Smoked Fish Without the Hassle

Smoked fish is known for its tasty, smoky flavor. You will find that no additional condiments are needed to enjoy it because it is packed full of its own natural flavor. Smoking fish may seem like a hassle, but in reality, it is one of the easiest ways to prepare fish. Smoking fish produces a meal that is tender, delicious, and loaded with flavor. By keeping a few simple steps in mind, you can easily and quickly smoke fish without the hassles of other types of preparation methods.

One of the key steps to successfully smoking your fish is to cure it. Curing isn’t as difficult as it may seem. Simply make a brine solution using salt and water. You can also add a small amount of lemon juice to help reduce the strong fish smell while you cook. You will want to use 2 ½ tablespoons of salt for every cup of water. For one pound of fish, approximately one quart of brine will need to be mixed.

Place your uncooked fish in the brine. The amount of time needed to cure depends upon the thickness of the fish. For every ½ inch of thickness, you will need to allow the fish to soak for 15 minutes. For example, fish that is one inch thick will need to be cured for 30 minutes.

While the fish is cured, you should ready your smoker. Ensure that you prepare it in plenty of time so you can place the fish on immediately. When the fish have been cured, remove them from the brine solution and rinse them with cold water before putting them on the smoker.

The fish should be placed on the smoker skin side down. It is important to oil the rack in order to prevent the fish from sticking while smoking. You will want to keep the temperature of your smoker low to get the best flavor without overcooking. Keeping your smoker around 150 degrees is a good average temperature, although you may need to adjust accordingly.
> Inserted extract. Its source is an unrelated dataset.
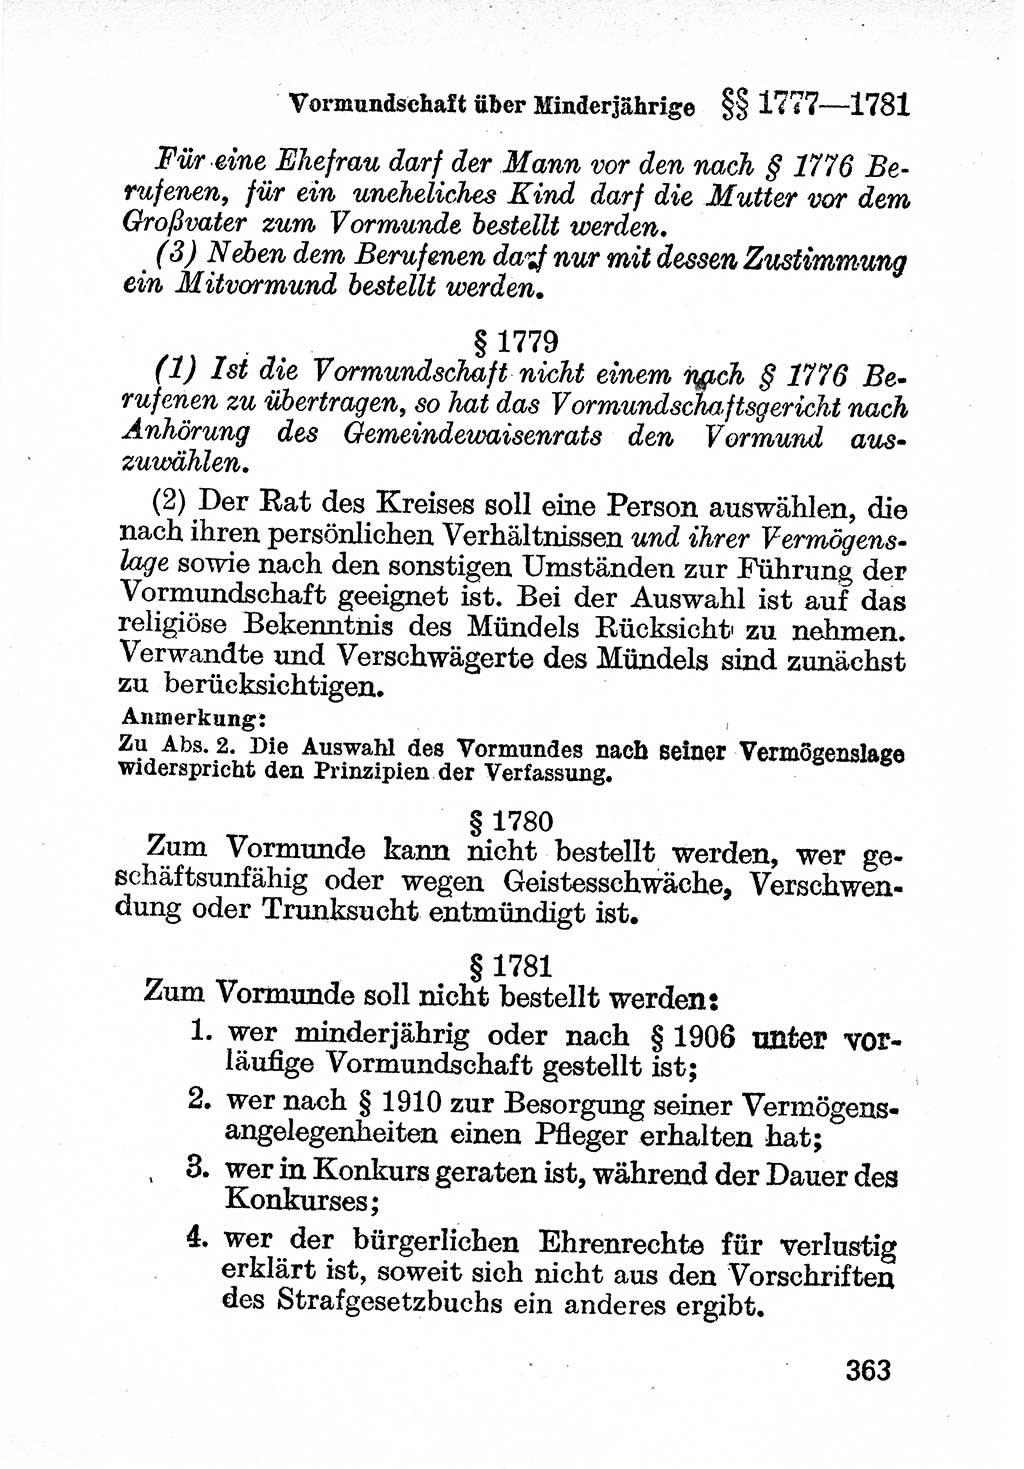 Bürgerliches Gesetzbuch (BGB) nebst wichtigen Nebengesetzen [Deutsche Demokratische Republik (DDR)] 1956, Seite 363 (BGB Nebenges. DDR 1956, S. 363)
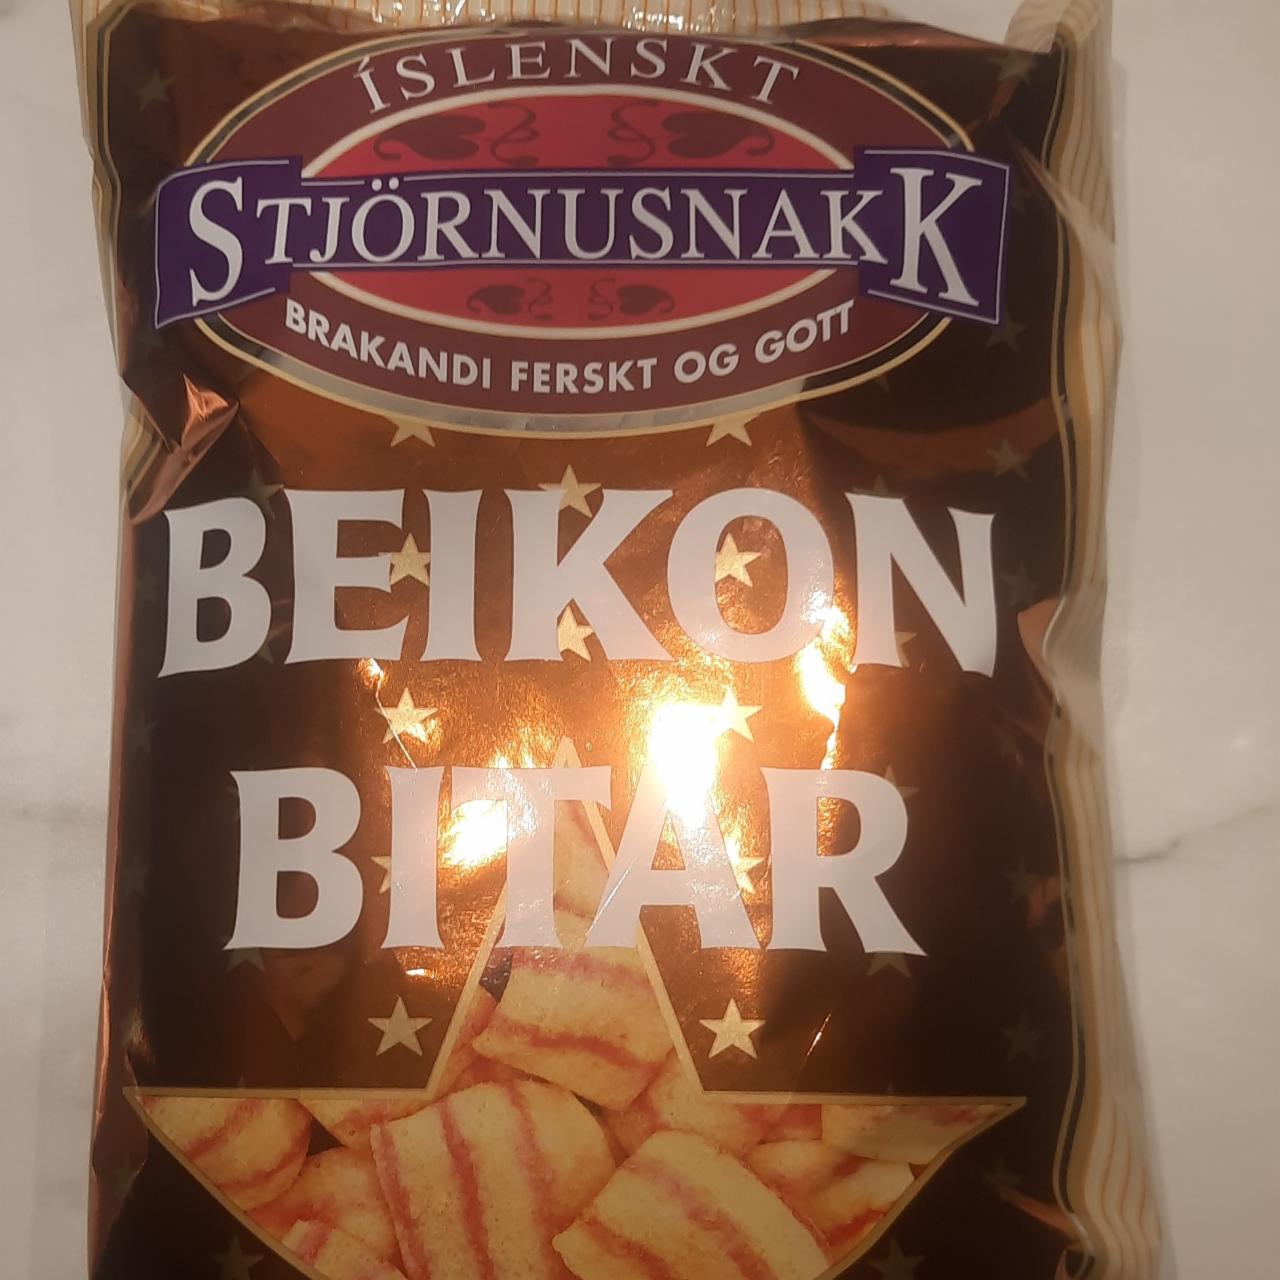 Фото - Beikon bitar StjörnusnakK

Once your fish is in the smoker, allow it to smoke for about 3 hours. For larger servings, add 30 minutes per pound. After the first two hours of smoking, you can increase your temperature to about 200 degrees to finish the smoking process. Since smokers vary, use your own judgment and experimentation to cook your fish perfectly. You will know that the fish is done when it is flaky, tender, and cooked all of the way through. To enhance the amount of smokey flavor your fish has, consider adding liquid smoke to the flesh of the fish. Wright’s Liquid Smoke provides just the right amount of smoke flavor to your fish without overpowering the natural flavors.

Once your fish is smoked, serve immediately. You can also wrap it in foil and store it in the freezer for reheating later. Smoking fish is quite easy once you get the hang of it and you will find that you’ll get the best flavor by using this easy, hassle-free method.